* _TASK ITEM_
The copy should hold exactly the lines below from the one that contains "Neutrogena Purescreen+ Mineral" through the one that contains "The End of an" and nothing else, so no pictures.
##### PROVIDED MATERIAL
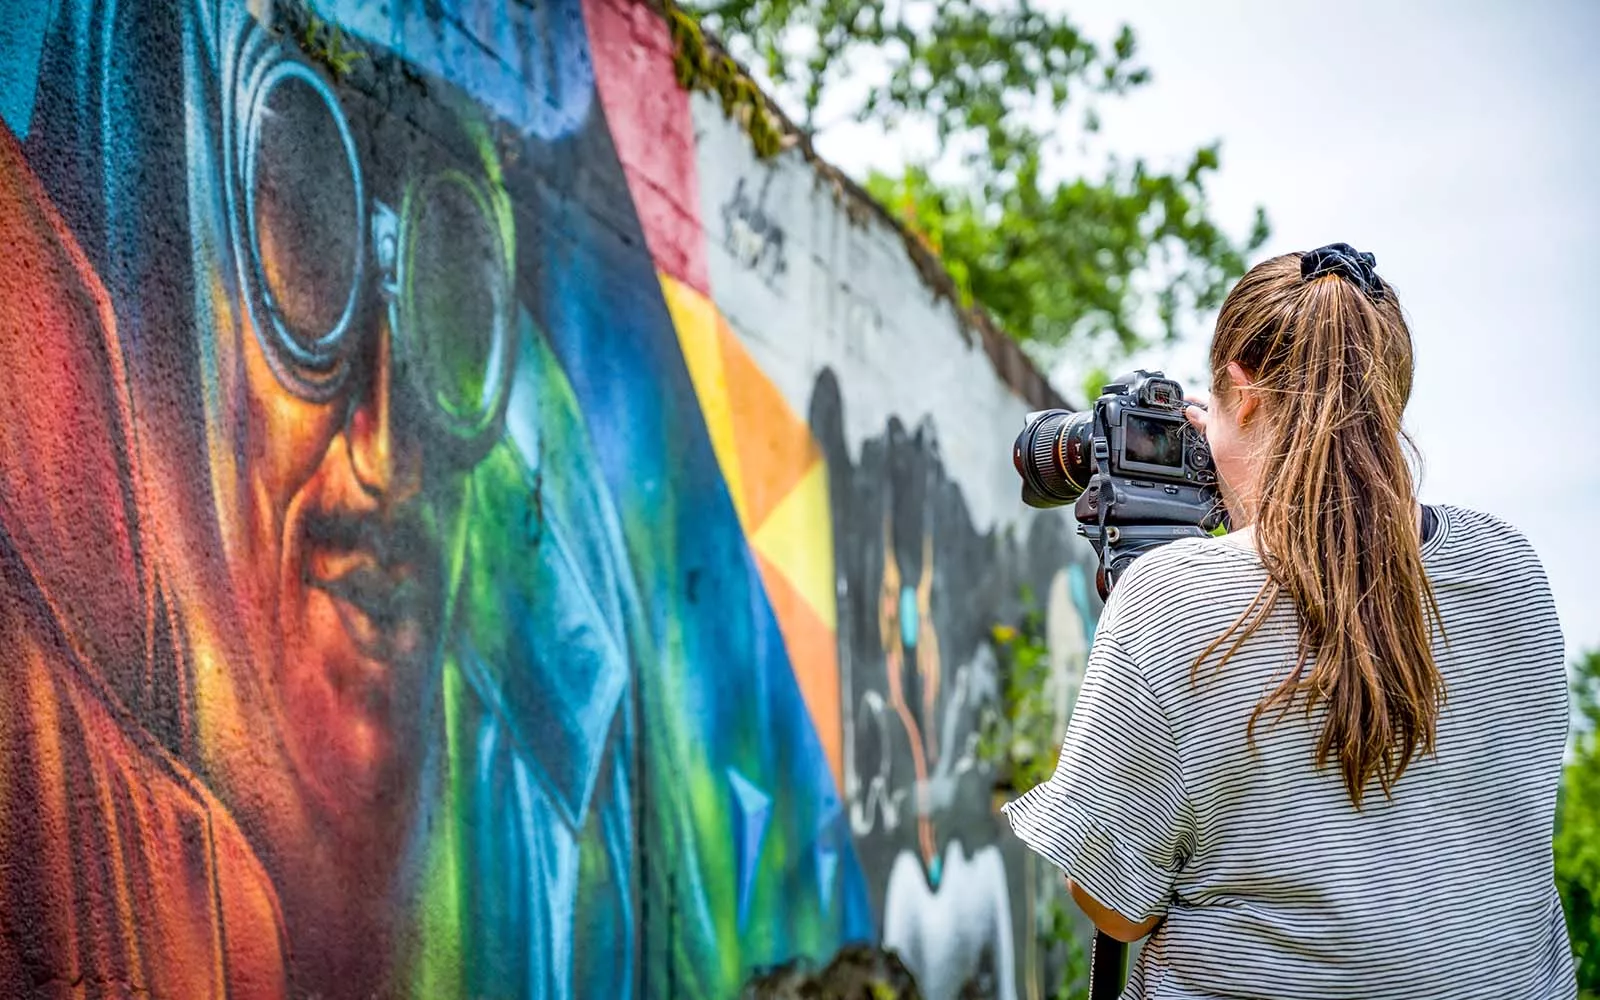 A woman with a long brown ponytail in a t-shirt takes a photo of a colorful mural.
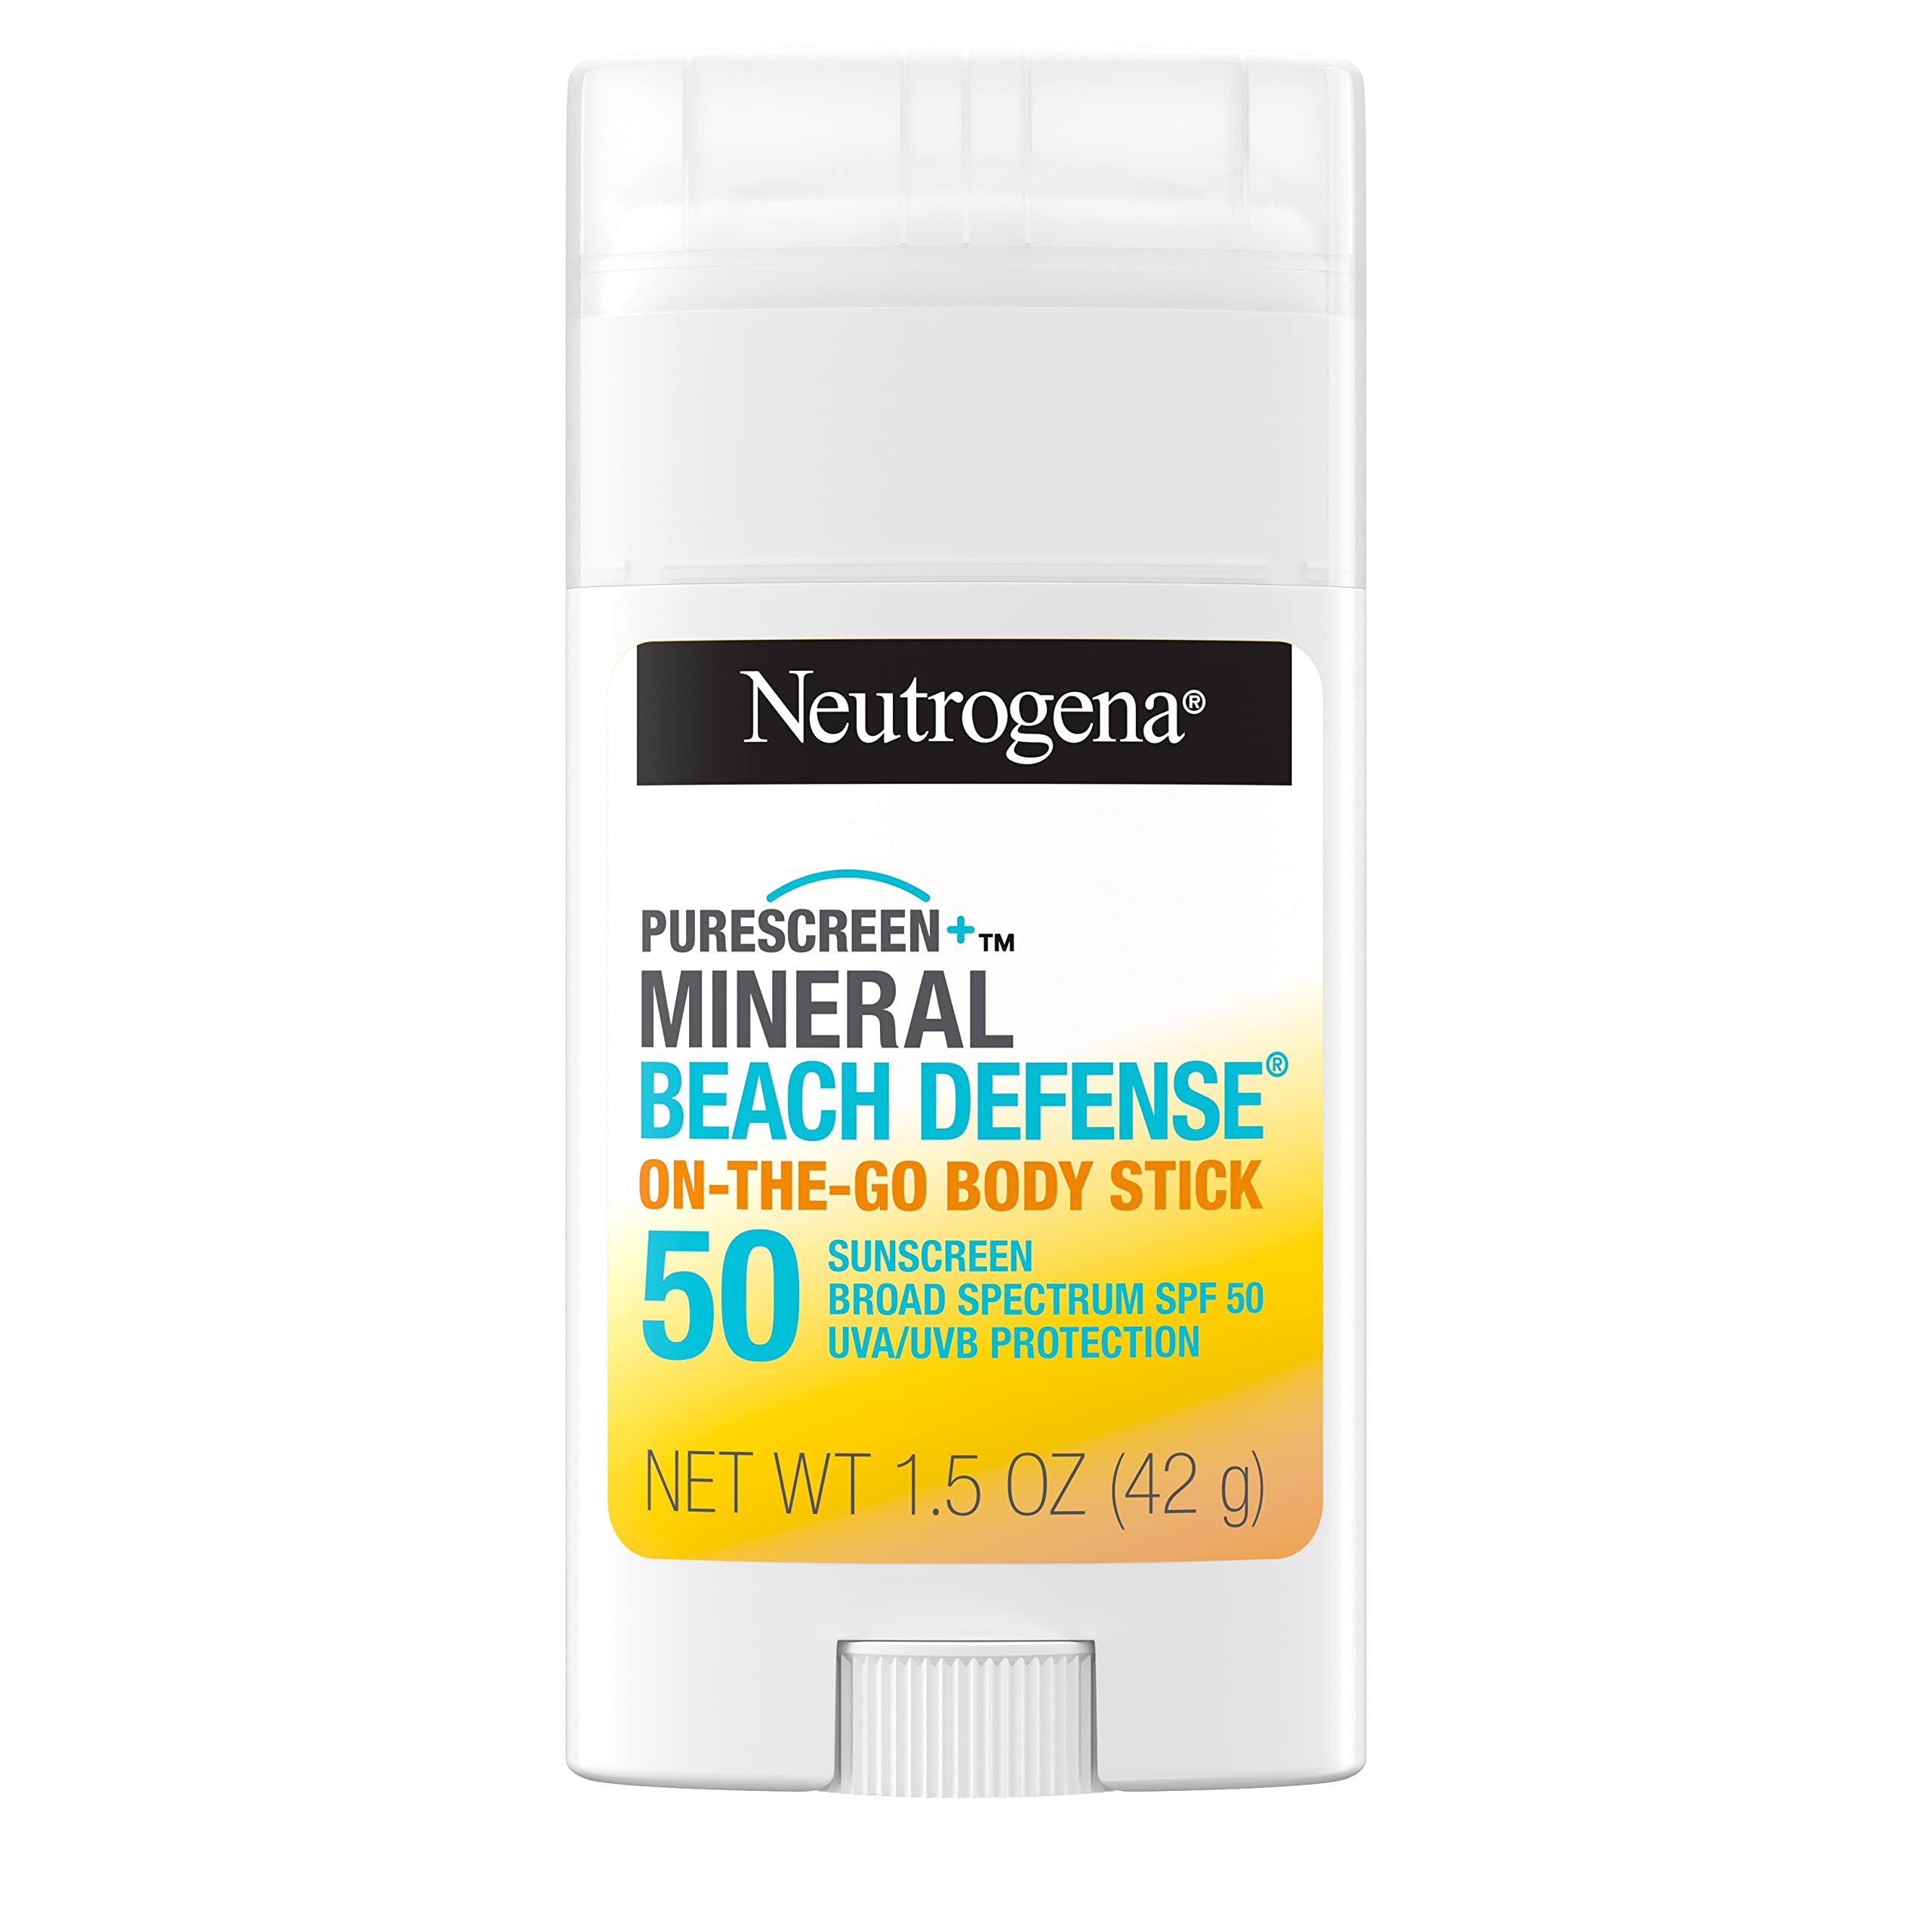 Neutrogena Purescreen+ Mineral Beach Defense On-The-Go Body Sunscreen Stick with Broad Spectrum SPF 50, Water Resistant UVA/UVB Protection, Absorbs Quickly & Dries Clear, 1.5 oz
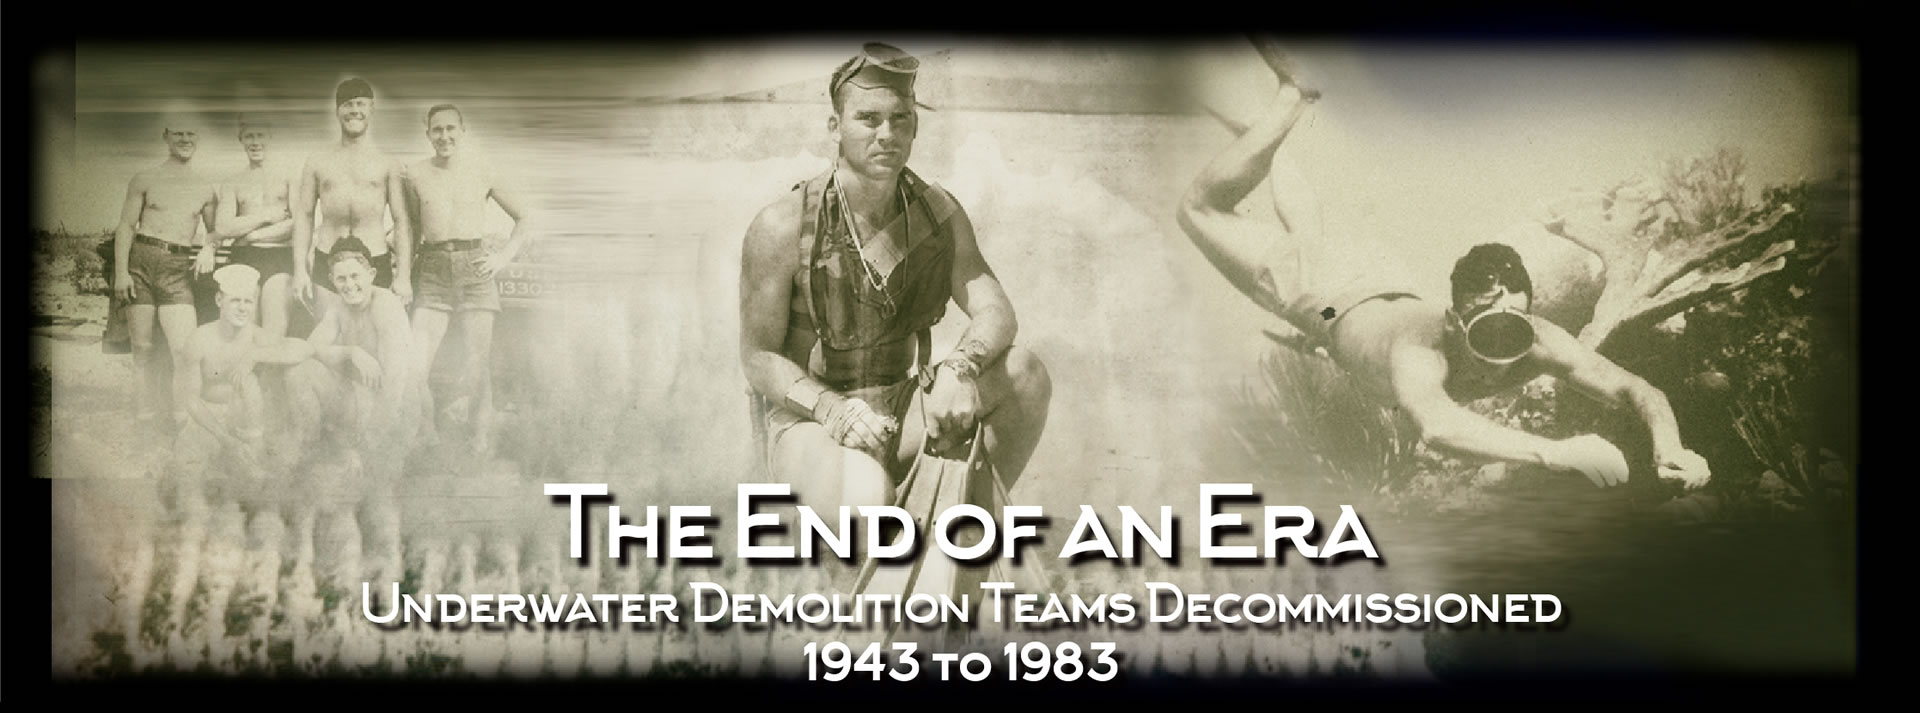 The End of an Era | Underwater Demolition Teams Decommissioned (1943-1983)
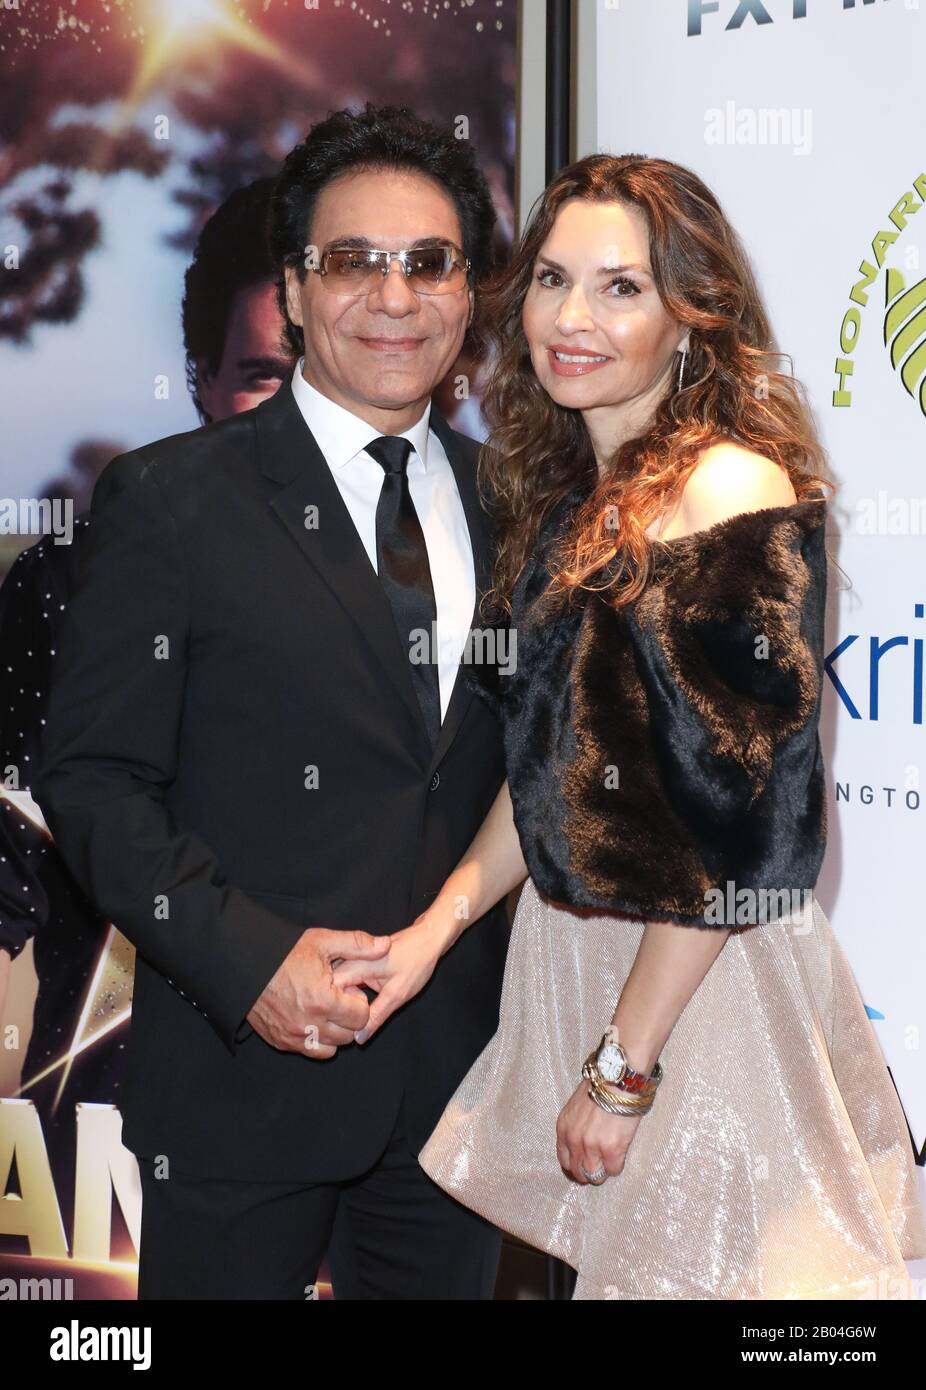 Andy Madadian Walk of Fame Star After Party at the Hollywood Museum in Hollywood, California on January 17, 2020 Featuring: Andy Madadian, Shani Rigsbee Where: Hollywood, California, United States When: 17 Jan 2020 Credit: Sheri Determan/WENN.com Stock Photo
##########
* _SOLUTION TO THE PROBLEM_
 Neutrogena Purescreen+ Mineral Beach Defense On-The-Go Body Sunscreen Stick with Broad Spectrum SPF 50, Water Resistant UVA/UVB Protection, Absorbs Quickly & Dries Clear, 1.5 oz
 The End of an Era | Underwater Demolition Teams Decommissioned (1943-1983)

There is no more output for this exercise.